Peru’s current population is over 31 million of which 38% is younger than 18 years. 76% of Peruvians live in the urban zone while 31% live in the capital Lima. Since the mid-twentieth century there have been an ongoing migration from rural to urban zones or to rural zones with more access to market opportunities.

Economic growth and poverty
Due to significant economic growth since the 90s, the estimated GDP per capita has increased from $1,500 to $6,000. This has strengthened the purchasing power of families and, therefore, caused a progressive decrease in poverty. However, poverty levels are still high: 23.9 % of the population in Peru faces poverty, of which 4.7% lives in extreme poverty. The poor are concentrated in the rural zones, especially in the Andean area where 62.6% of children live in poverty. Half of the children under 15 years living in rural areas are poor; 35.9% of the poor have Quechua, Aymara or an Amazonian language as their mother tongue. Poverty affects the development of children and causes other associated problems such as malnutrition, school abandoning, teenage pregnancy or violation of human rights.

Assertiveness
In the Down to Zero program ICCO Cooperation aims at teaching at-risk children like street children, adolescents, and other victims to speak out, advocate, and seek protection against sexual exploitation. Personal development plans are an important tool in the program. We motivate children and adolescents to get organized in youth-led organizations that access specialized services that protect them, help them rehabilitate, reintegrate, and reduce their vulnerability to commercial sexual exploitation.

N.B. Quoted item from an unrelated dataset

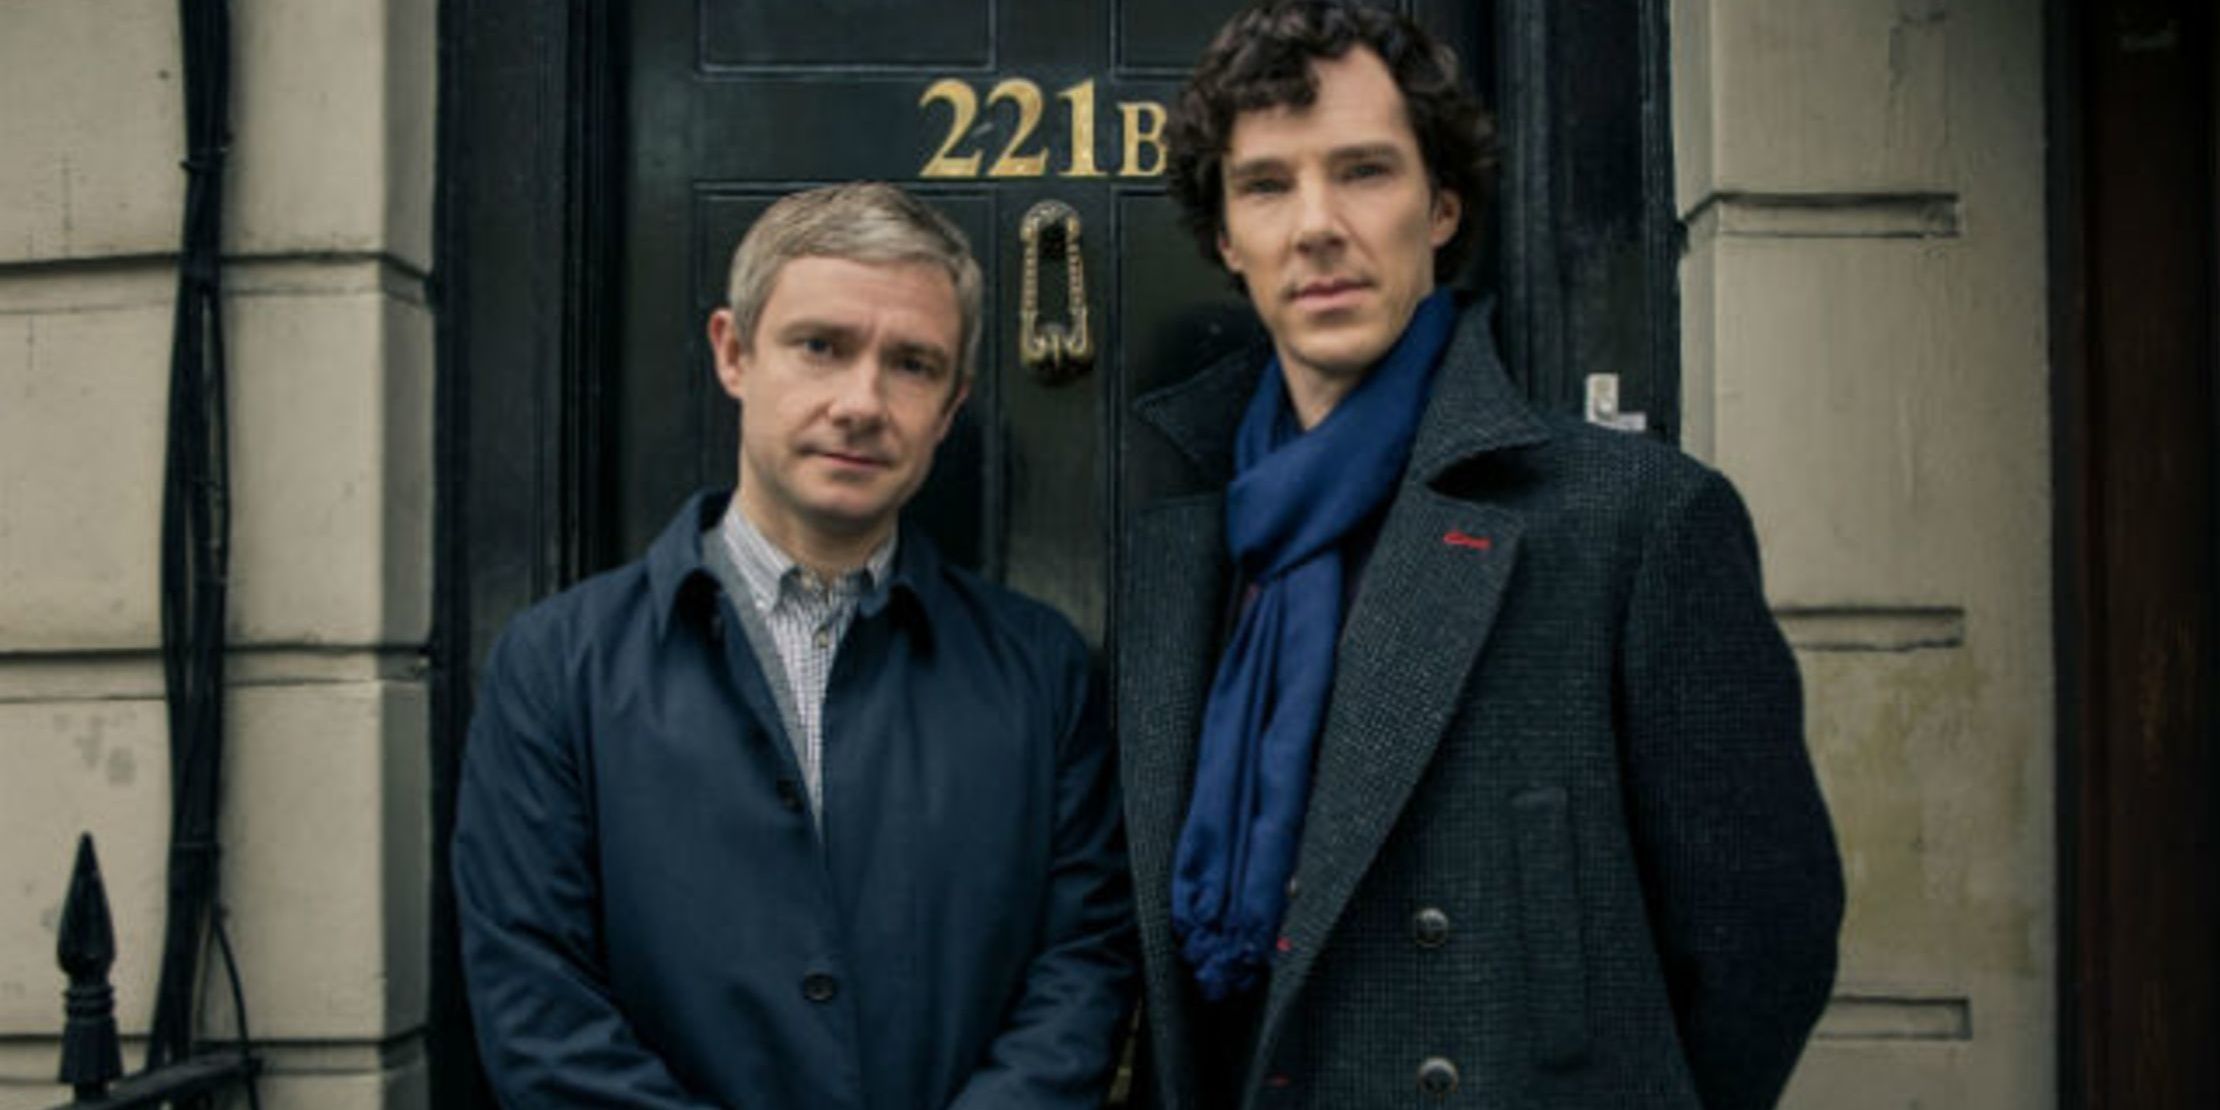 Sherlock and Watson outside of 221b Baker Street

Government and stakeholders
We make private sector stakeholders in the tourist industry of major tourist destinations and the mining industry aware of their role in fighting commercial sexual exploitation, and make sure they amend their practices and/or business models based on ethical principles and values to actively protect children. Last but not least, we urge the government at all levels and in all fields to take action.
Down to Zero Peru

Target group

Our main focus are the most vulnerable children under the age of 18, whereas in some cases it also includes support to young people up to the age of 25. We pay special attention to street children and exploited children, particularly girls, of ethnic communities. Capital Humano y Social Alternativo, a non-governmental organization which aims to support social development of individuals, organizations and society, will work with the government and the private sector, e.g., the tourist industry.

Sustainability

All groups ie, children, communities, governments and the private sector are key players in the fight against commercial sexual exploitation of children and are equally important. The government ought to take more responsibility in protecting the children. Part of the project is that we lobby to make funds available by the government. In addition, communities are made aware that they should teach their children how they can protect themselves The private sector forbids l sexual exploitation of children in their work areas. All these elements are likely to have a long-term impact.

Goals overview

The goals of the Down to Zero program are:

- Children: Child victims and at-risk children are empowered and act as agents of change and are able to protect themselves from (re)victimization of commercial sexual exploitation.
- Communities: Targeted communities are safer, offer better protection to child victims and can prevent children from becoming (re)victimized.
- Governments and law enforcement agencies: governments and judiciary systems apply policies, plans of actions, budgets and protocols to effectively combat the exploitation.
- Private sector: market leaders or branch associations of e.g., the tourist industry, ICT, transportation are actively engaged in the protection of children against commercial sexual exploitation.